Increasingly such vascular maps are also exploited in research by adding computational flow solutions to the vasculature. However, most of the scientists that use such vasculature tend to overlook the limitations involved with the obtained vascular maps. One limitation is the lack of small branches that are not opacified enough by contrast for X-ray visualization. Another problem is underestimation of the true caliber of the vessels because the X-ray beam passes through a thinner layer of contrast in the vicinity of the walls due to the circular shape of the arteries as we have shown in our previous study.6 Here we highlight another limitation of contrast based imaging of the arterial lumens. Poor contrast penetration into the boundary layer near the tube walls exacerbate the poor visibility of near wall arterial lumen. Contrast poor boundary layer thickness estimated in this study occupies about 10% of the tube radius. The thickness of the contrast poor layer is determined, in analogy to the momentum boundary layer thickness of fluid flow applications, where the concentration of the contrast reaches 99% of the free stream. Therefore, vascular caliber as measured from the obtained image may be an underestimation of the true caliber because of the combined issues of thin layer thickness and poor contrast concentration at the same location.

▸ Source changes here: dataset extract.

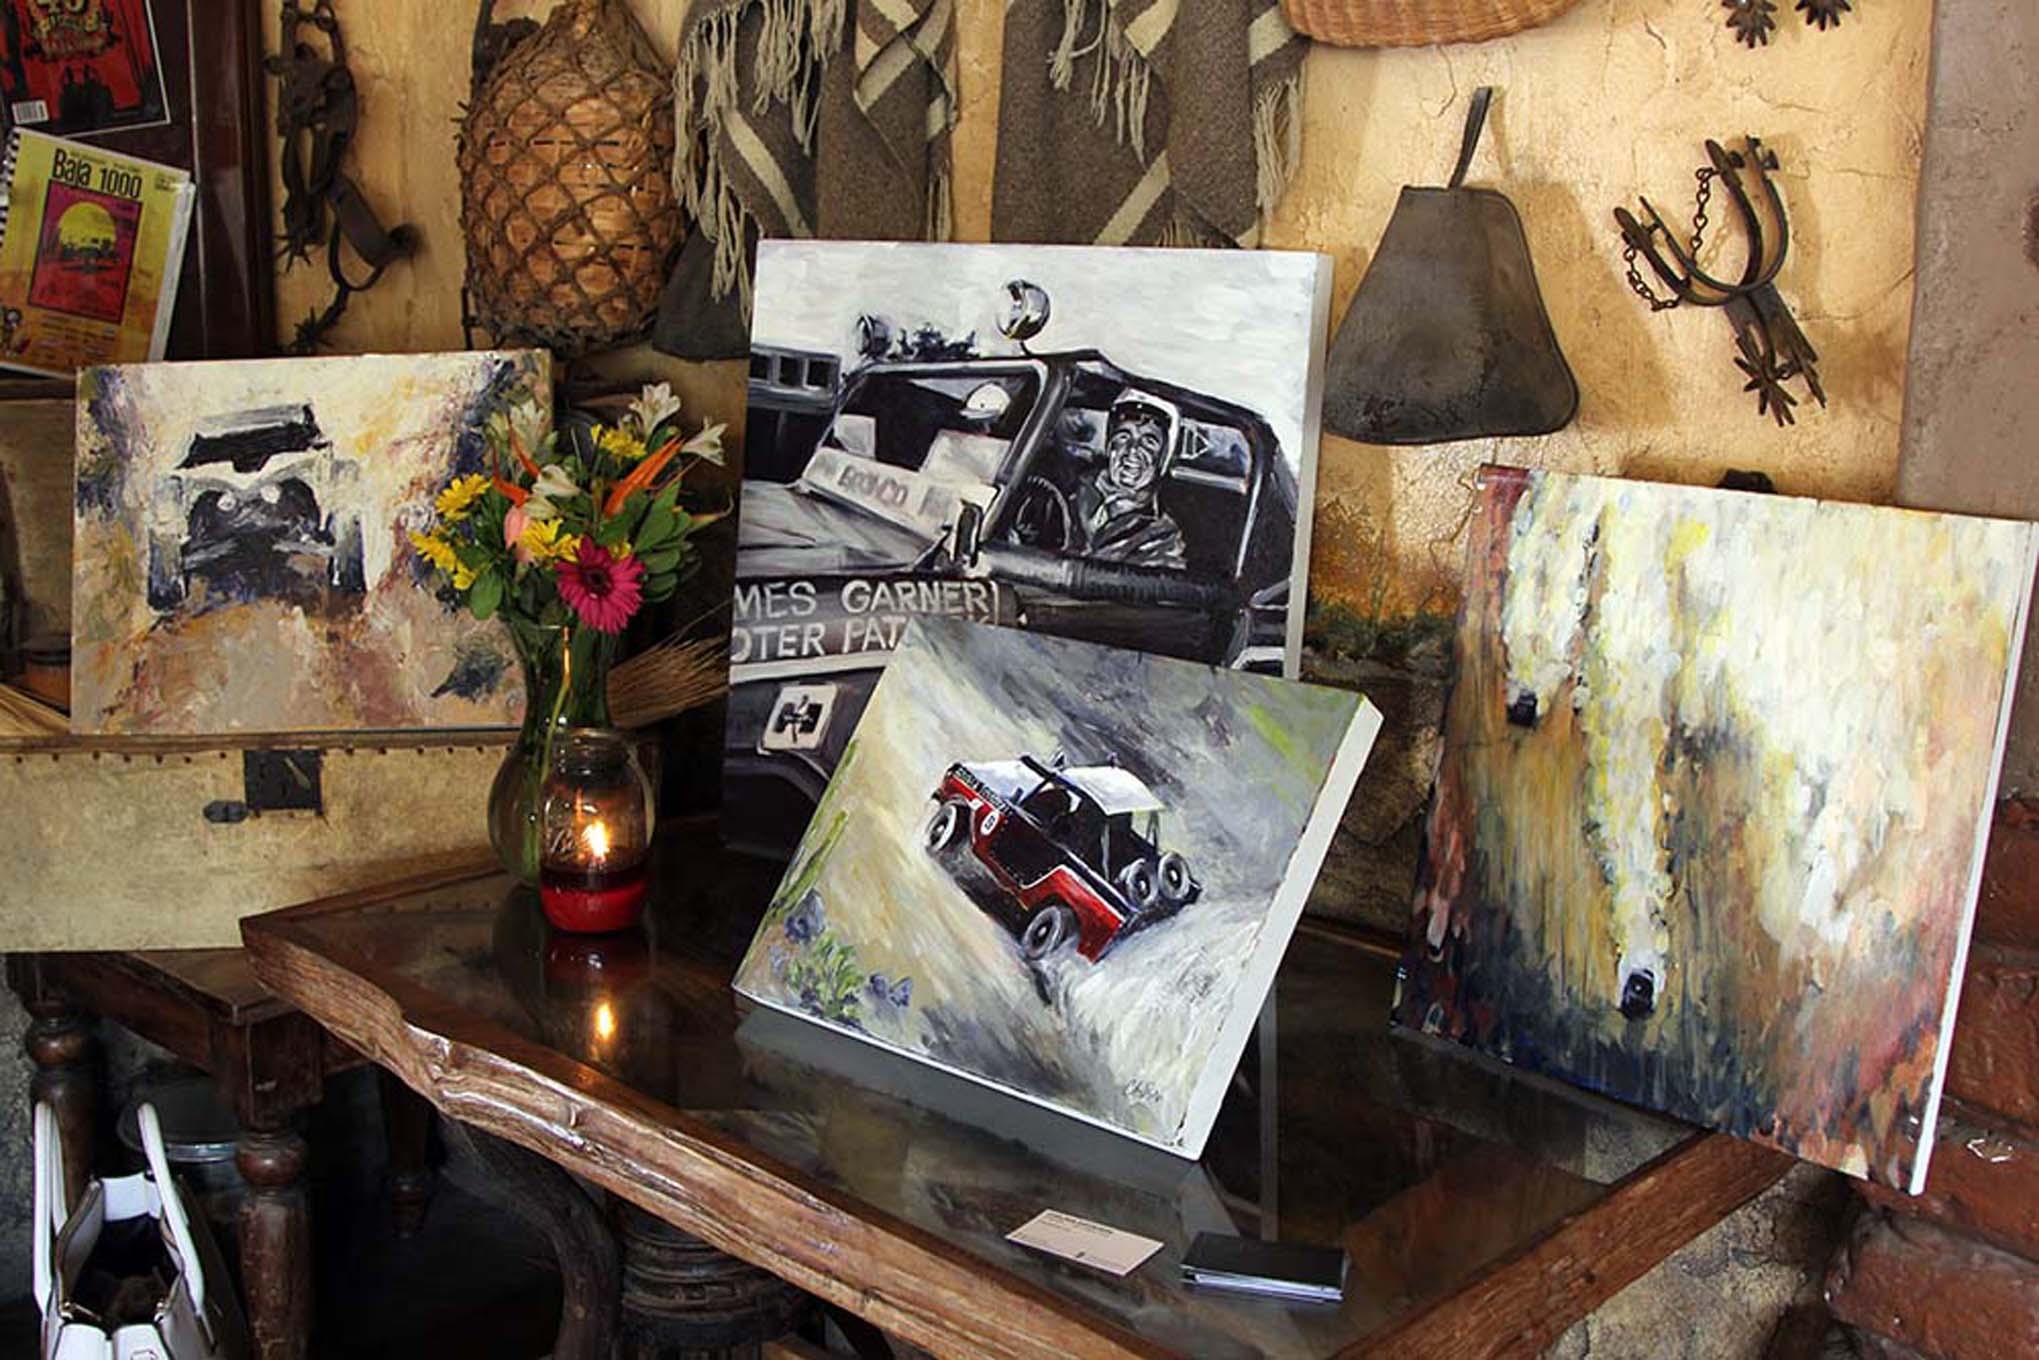 036NORRA Mexican 1000 BAJA offroad Race 2015 Manx Nova Chevy James Garner

In this study as well as in our previous investigation we used blood and contrast flow rates that are typically employed during an arterial injection particularly in the cerebrovasculature. In the experiments we scaled up the tube and catheter dimensions to obtain better spatial resolution and adjusted the flow rates to match the Reynolds numbers to the in vivo, a typical approach in flow dynamics similitude. One limitations of this study is the use of steady flow rather than pulsatile flow. However, since the duration of the injections are much longer than the duration of systole, additional agitation by pulsatility is likely to have a small effect on mixing as we have shown in the carotid of the Rabbit.6 Another limitation arises from the unknown molecular diffusion coefficient of angiographic contrast. However, the molecular diffusion coefficient of iodine in aqueous solutions has been investigated before and reported to be about 1.36 × 10−9 m2/s at 298 °K with diffusivity increasing to 4.32 10−9 m2/s at 358 °K.1 Therefore, we used a range of values that should, in principle, approximate the coefficient of the various contrast agents. Yet another limitation arises from positioning the distal tip of the catheter for contrast injection concentrically in the tube which is not always the case in vivo. Departure from the ideal position may result in somewhat different distribution of contrast concentration in the mixing zone but will likely have a small effect on the length of the mixing zone. In summary, the purpose of this study was two folds. First, we opted to confirm that it is feasible to calculate the mixing zone length in typical cerebrovascular arterial injections and such mixing zone is confined to about ten arterial diameters downstream of the catheter tip. Second, we evaluated the thickness of the contrast poor wall boundary layer and its potential influence on arterial calibers that are derived from contrast enhanced images of arterial lumens.